6. Cut a deal with the Denver Water Board to install turbines at one of its reservoirs with sufficient generating capacity to supply the computing center with the needed power.

7. Move the computing center to Greeley instead of Cheyenne, and cut a deal with a feedlot to generate electricity from methane gas derived from cowshit.

8. Power the new supercomputer with coal-generated electricity and purchase carbon offsets.

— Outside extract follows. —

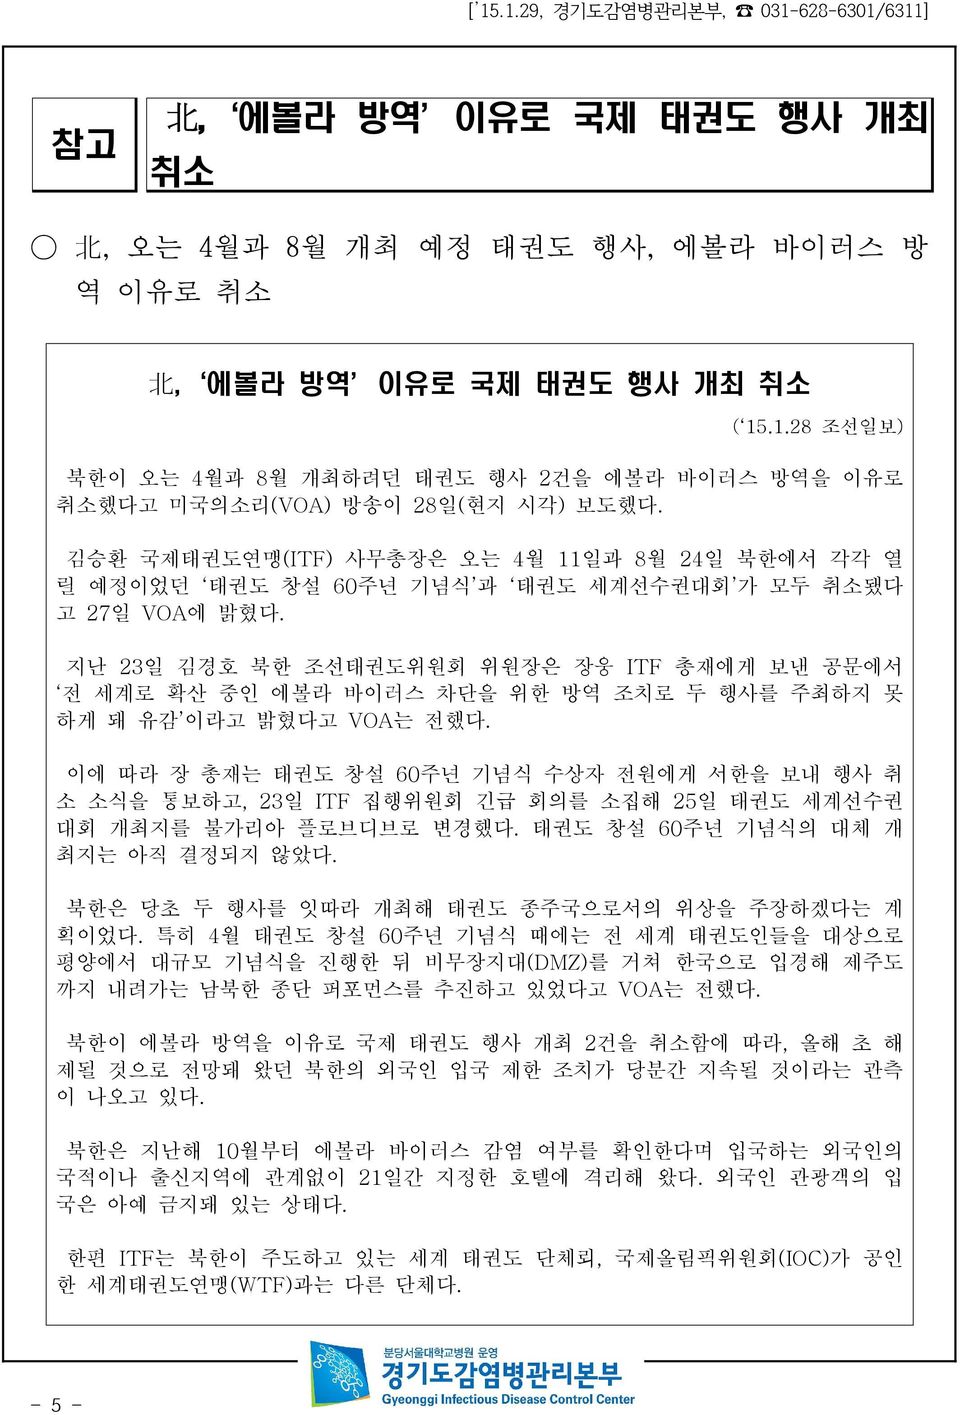 김승환 국제태권도연맹(ITF) 사무총장은 오는 4월 11일과 8월 24일 북한에서 각각 열 릴 예정이었던 태권도 창설 60주년 기념식 과 태권도 세계선수권대회 가 모두 취소됐다 고 27일 VOA에 밝혔다.

9. Take the soft path. Instead of building a 100,000-processor supercomputer at a cost of $500 million, do what the folks searching for extraterrestrial life have done. Write software allowing private citizens to network their personal computers into a giant computing network that does the processing when the machines aren’t being otherwise used. This might not do much to reduce NCAR’s carbon footprint — although it might be possible to write the software to give priority to machines in areas where green
electricity is available — but it could save NCAR a bundle on its
utility bill, because the volunteers would end up paying for the
electricity.

All
of these technologies are available off-the-shelf today. And the urgent
adoption of all of them is being widely touted as necessary to cut the
world’s output of greenhouse gases to the point where global
temperatures will rise no more than 2 degrees Celsius by the end of the
century — damn the economic and social consequences. Senior climate
scientists at NCAR are among those most insistent on this point.

Of
course, all of these technologies (with the possible exception of the
last one) would produce electricity that costs more than powering the
computer center with el cheapo Wyoming coal-generated electricity —
which is NCAR’s stated reason for locating the computer center in
Cheyenne (they don’t emphasize the coal part).

The
cost of electricity is evidently not just the main thing for NCAR; it’s
the only thing. If the institute located its computing center in
Boulder, it would still be computing with fossil fuel-generated
electricity, supplied by Xcel, but Xcel power costs more than power
generated in Wyoming (probably because Xcel has more natural gas in its
fuel mix and because it has to haul in the coal it uses from out of
state.) But the cost difference between Wyoming and Colorado fossil
fuel-generated electricity is enough for NCAR to choose Wyoming. The
thought of using non-fossil-fuel-generated electricity apparently
didn’t enter into the decision.

Personally,
I don’t give a rip whether NCAR chooses to locate its computing center
in Boulder, Cheyenne, or Tierra del Fuego (where it could build a
geothermal power plant, come to think of it).

But
I submit that its decision to opt for coal power rather than any of the
assorted green technologies makes a mockery out of the warnings from
NCAR scientists about the dangers of global warming and the urgency of
doing anything about it.

It also makes the lords of Table Mesa laughing stocks in the eyes of the Second and Third Worlds — and large parts of the First.